** Input data follows **

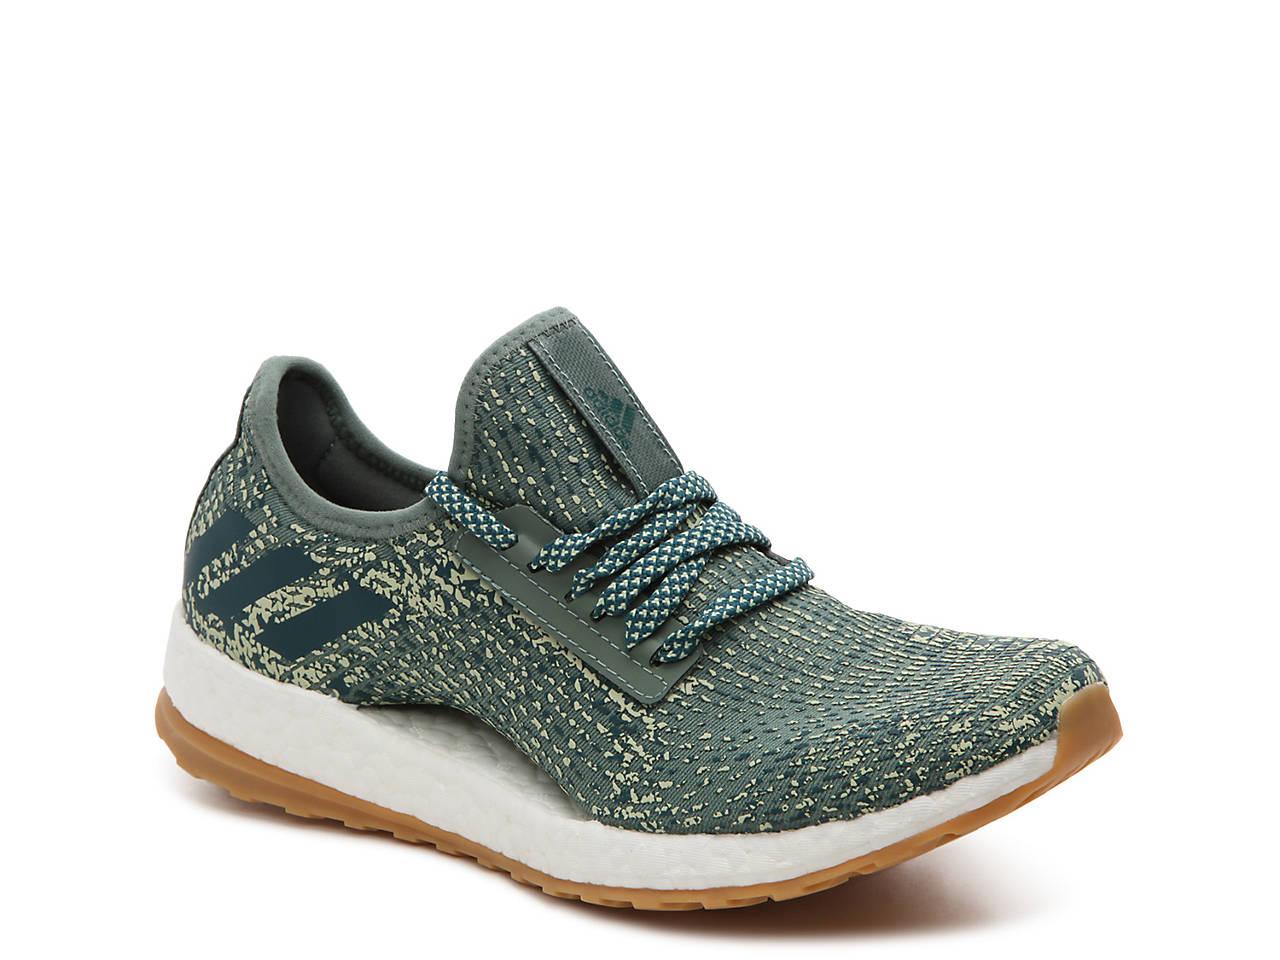 1f5b6b9d320 adidas Pureboost X Lightweight Running Shoe - Women s Women s Shoes ...
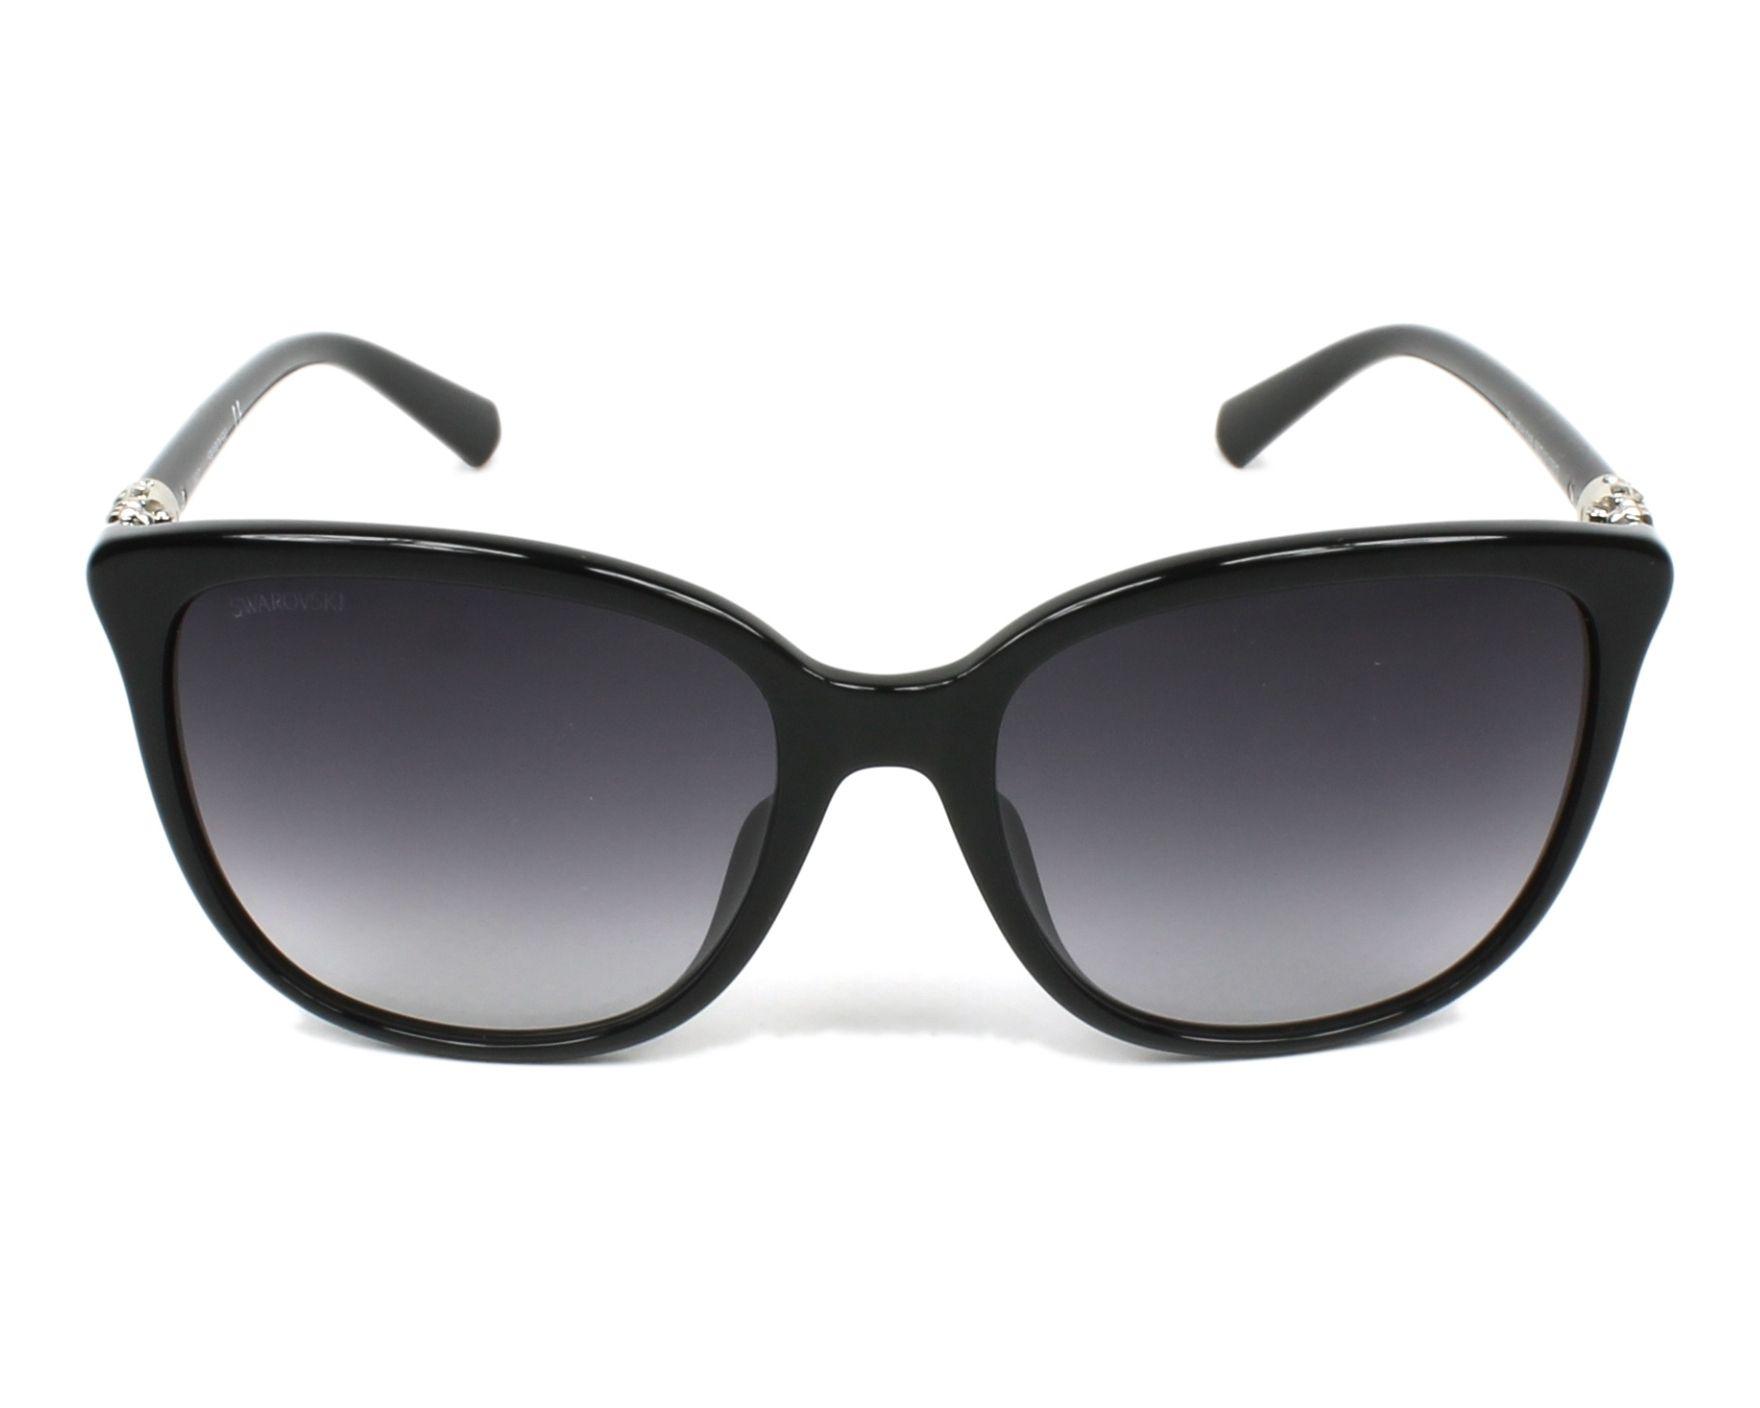 fb6805fae9 Gafas de sol Swarovski SK-0146-H 01B 56-17 Negra vista de
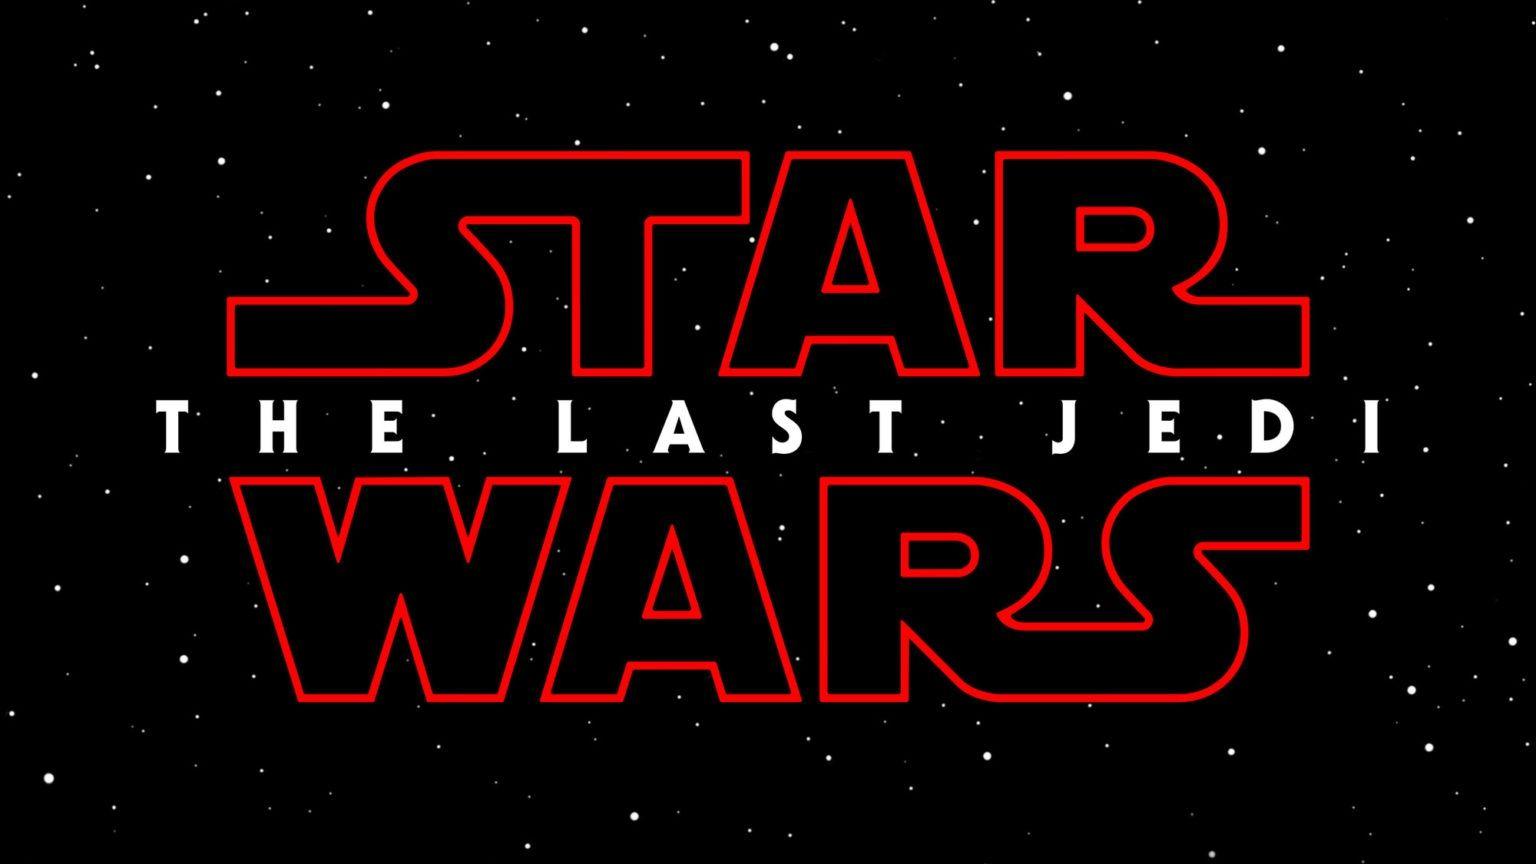 star-wars-8-last-jedi.jpg

** End of Input data **

## Task to complete
Please restate the whole listing exactly, without any of its pictures.

## Answer for the task
 1f5b6b9d320 adidas Pureboost X Lightweight Running Shoe - Women s Women s Shoes ...
 fb6805fae9 Gafas de sol Swarovski SK-0146-H 01B 56-17 Negra vista de
 star-wars-8-last-jedi.jpg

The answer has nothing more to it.